## ASSIGNMENT
Using the data below, output a verbatim copy of the lines between the one holding "CoOp Bicycle DRT" and the one holding "Best PS4 exclusive", inclusive, without any pictures.

(Beginning of RECORDS FOR THIS EXERCISE)

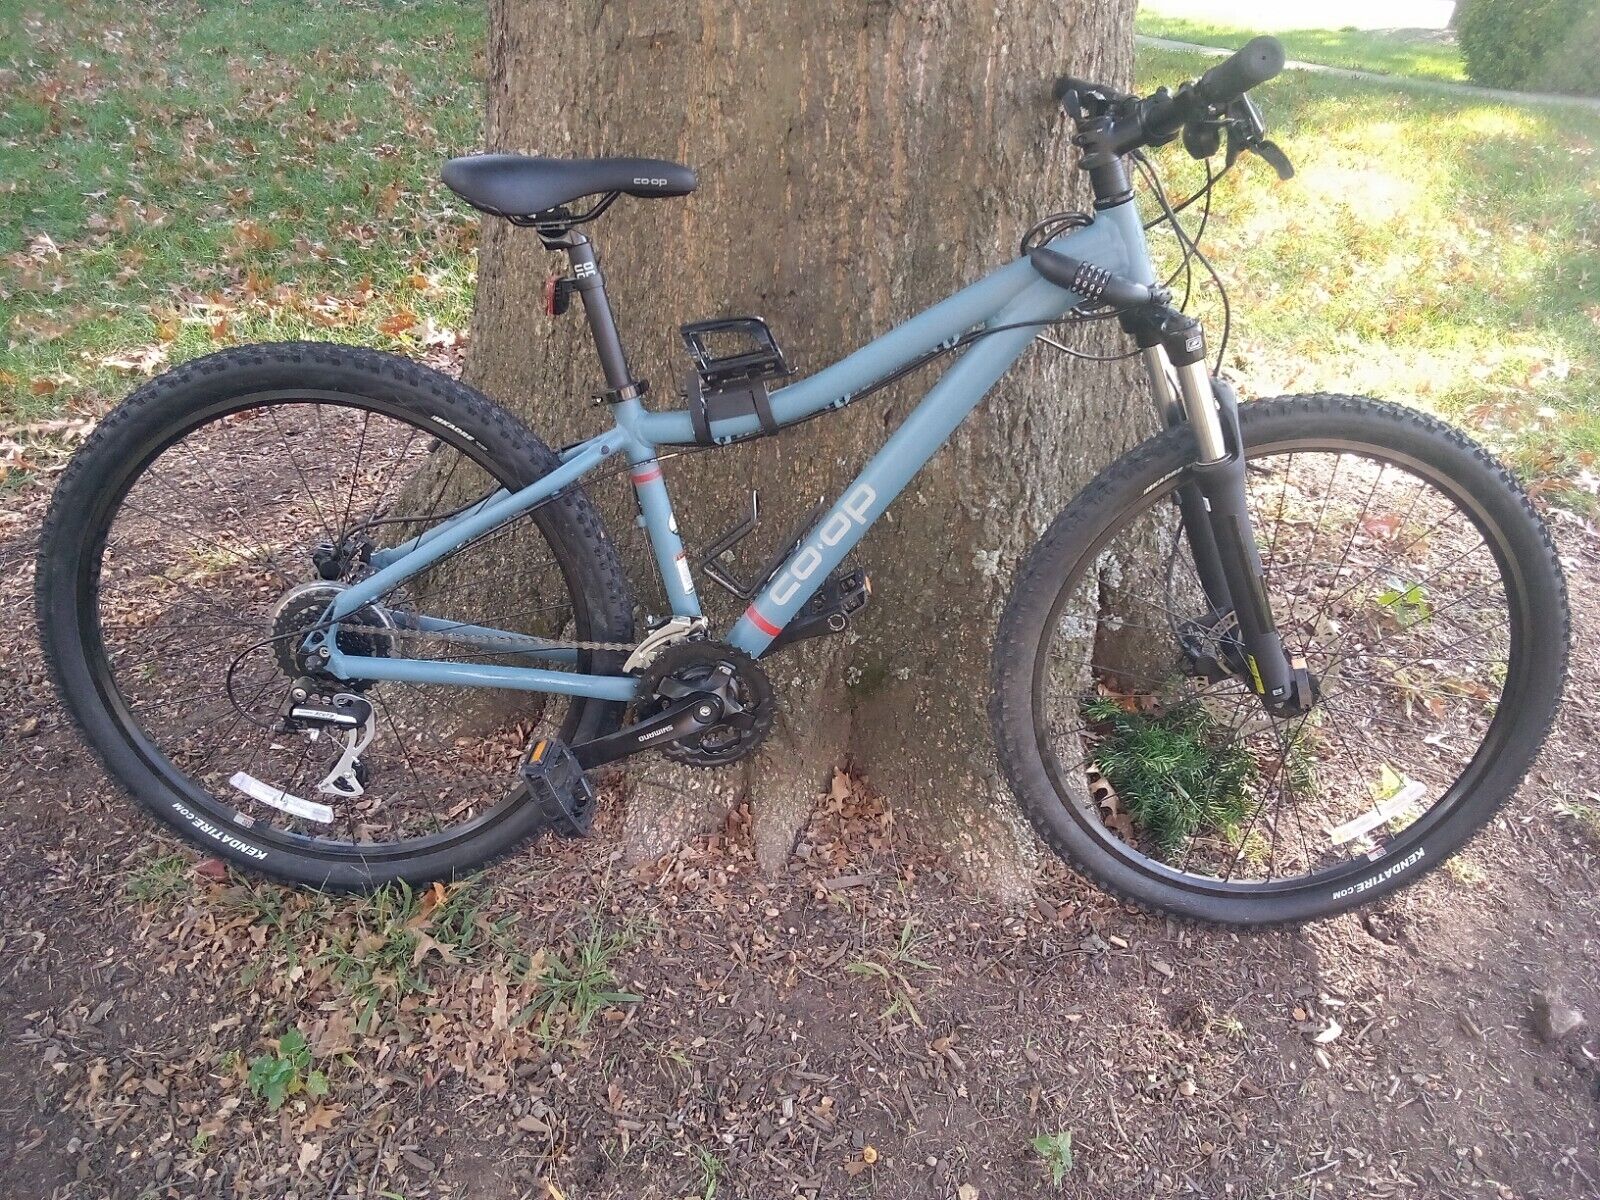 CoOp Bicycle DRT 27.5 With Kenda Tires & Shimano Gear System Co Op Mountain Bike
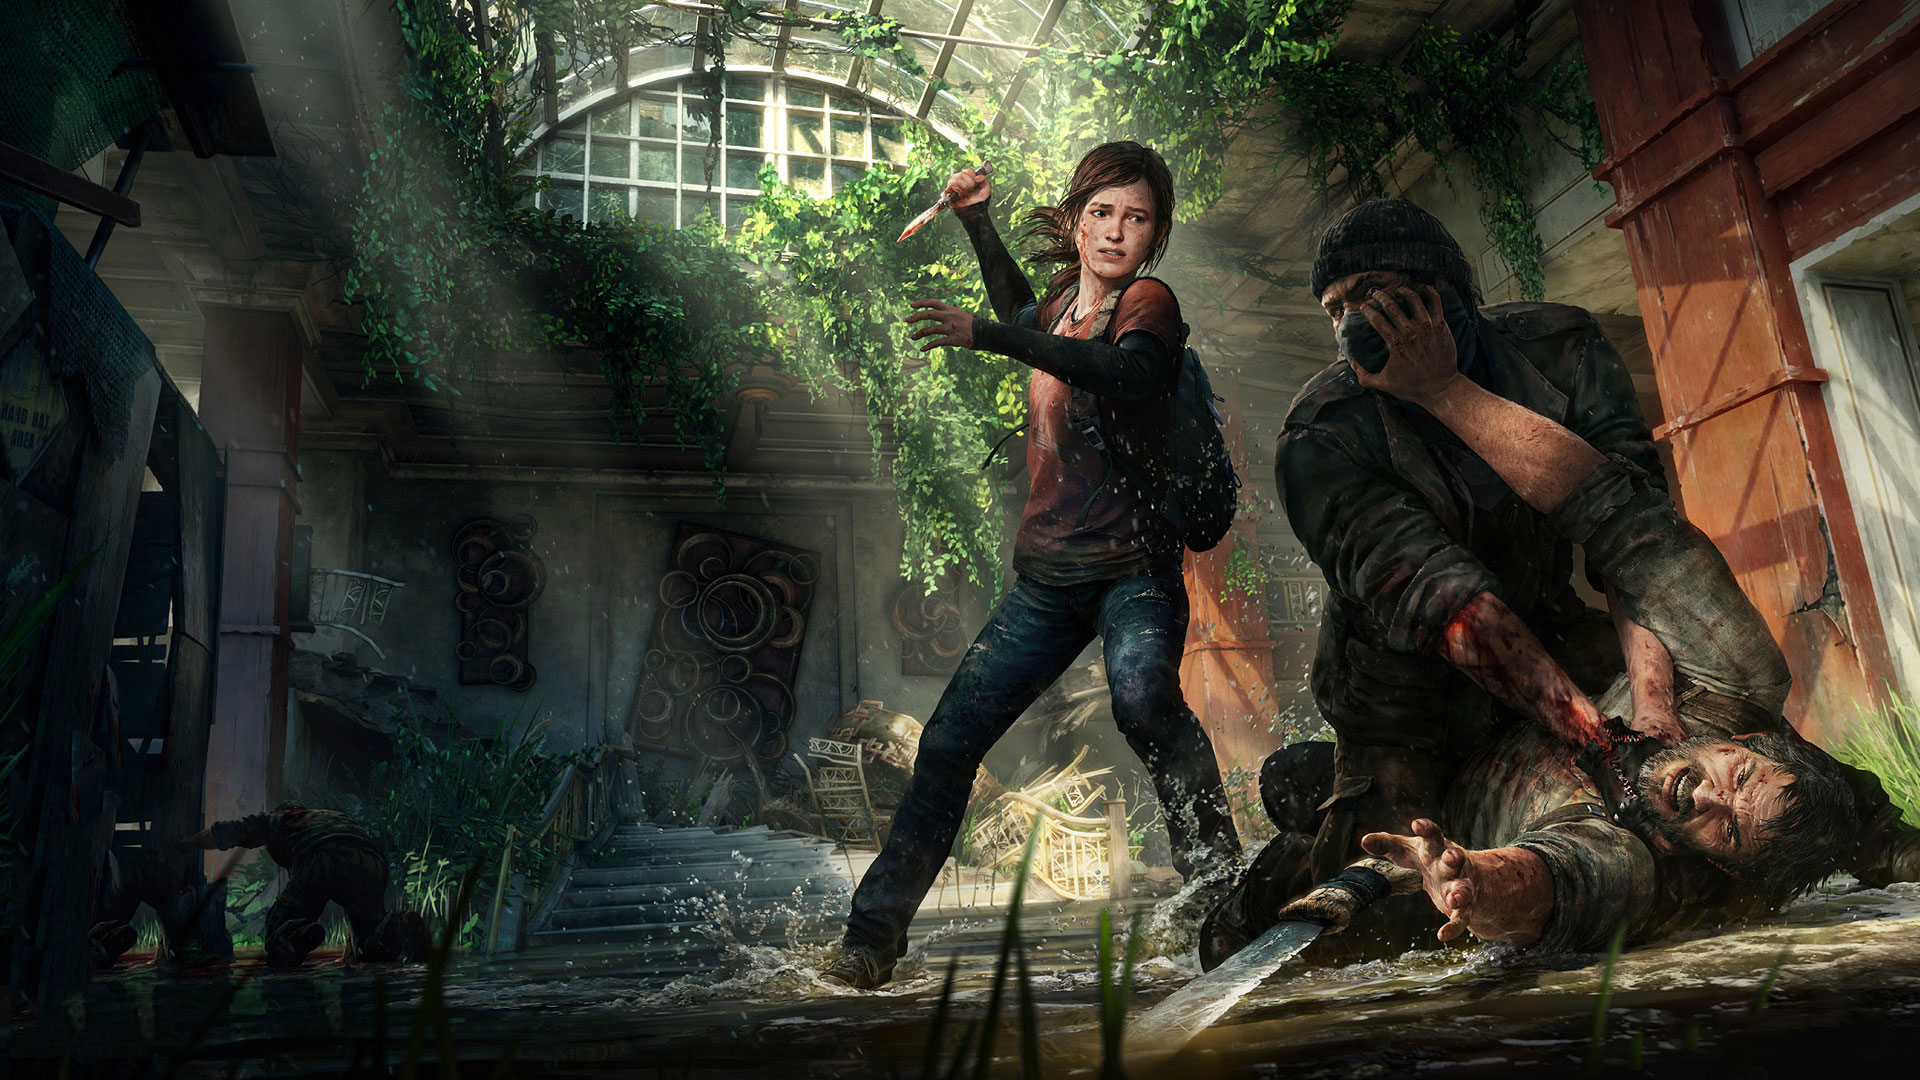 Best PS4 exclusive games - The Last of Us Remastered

(End of RECORDS FOR THIS EXERCISE)
(Beginning of RECORDS FOR THIS EXERCISE)

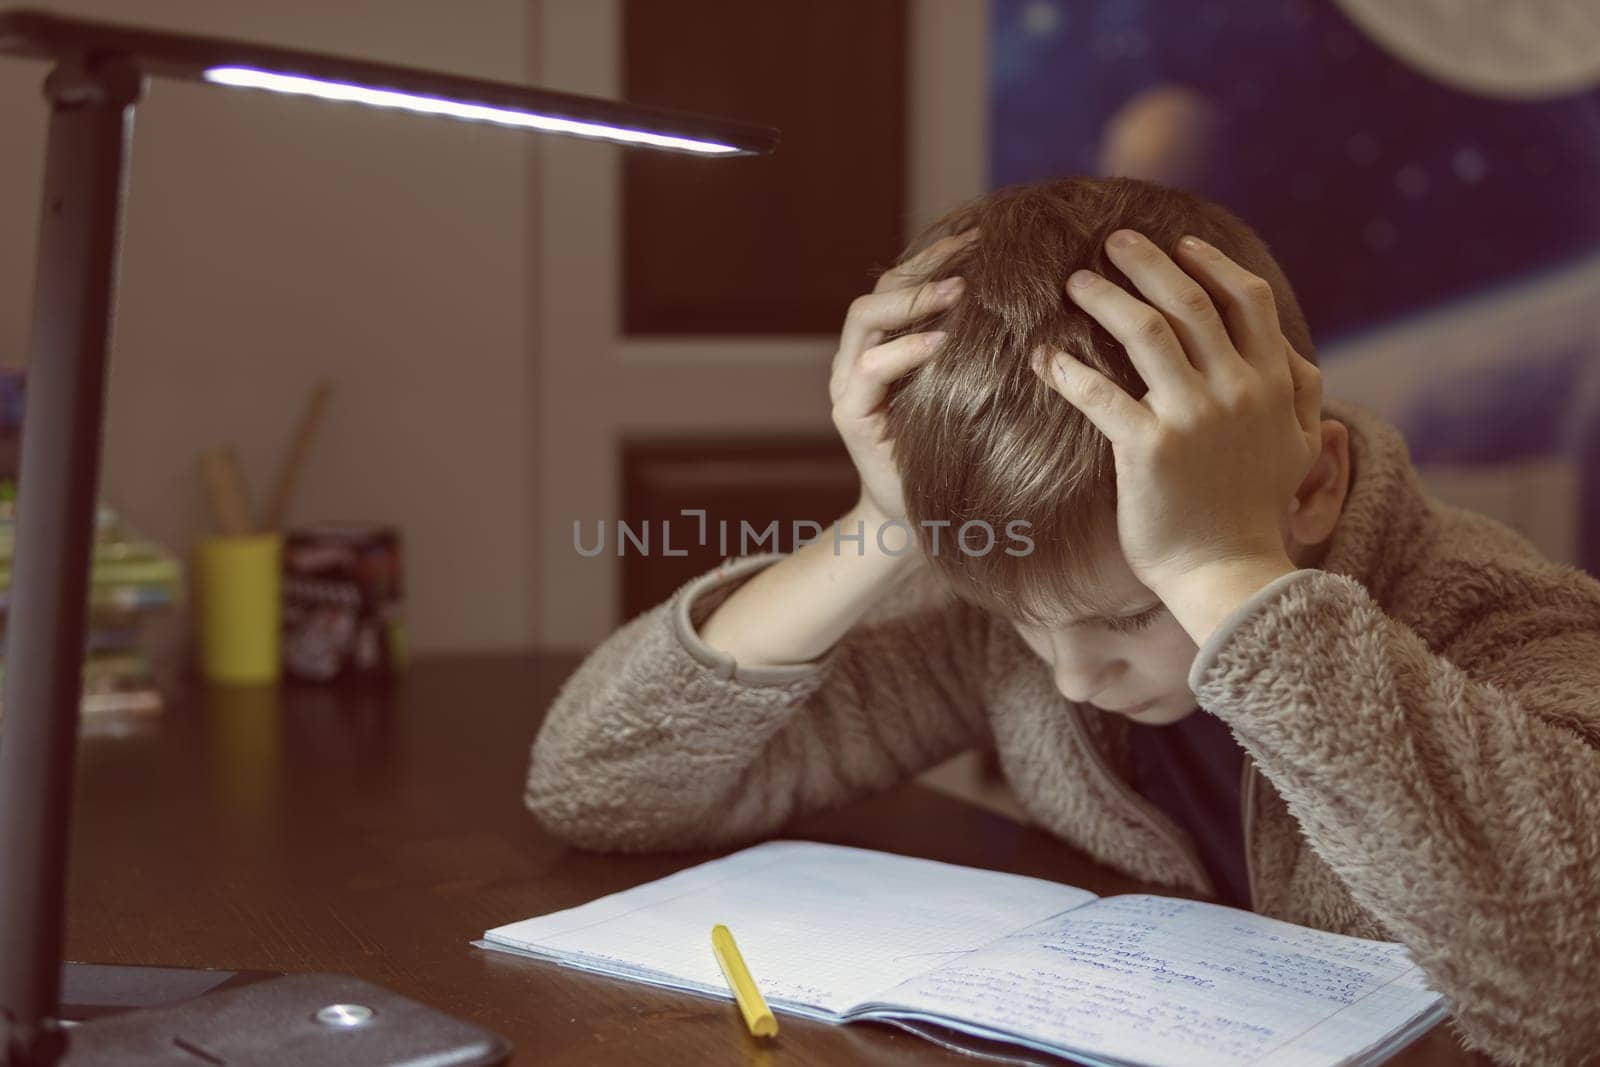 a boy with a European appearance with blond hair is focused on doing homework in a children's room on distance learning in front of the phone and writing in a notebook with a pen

(End of RECORDS FOR THIS EXERCISE)

## SOLUTION
 CoOp Bicycle DRT 27.5 With Kenda Tires & Shimano Gear System Co Op Mountain Bike
 Best PS4 exclusive games - The Last of Us Remastered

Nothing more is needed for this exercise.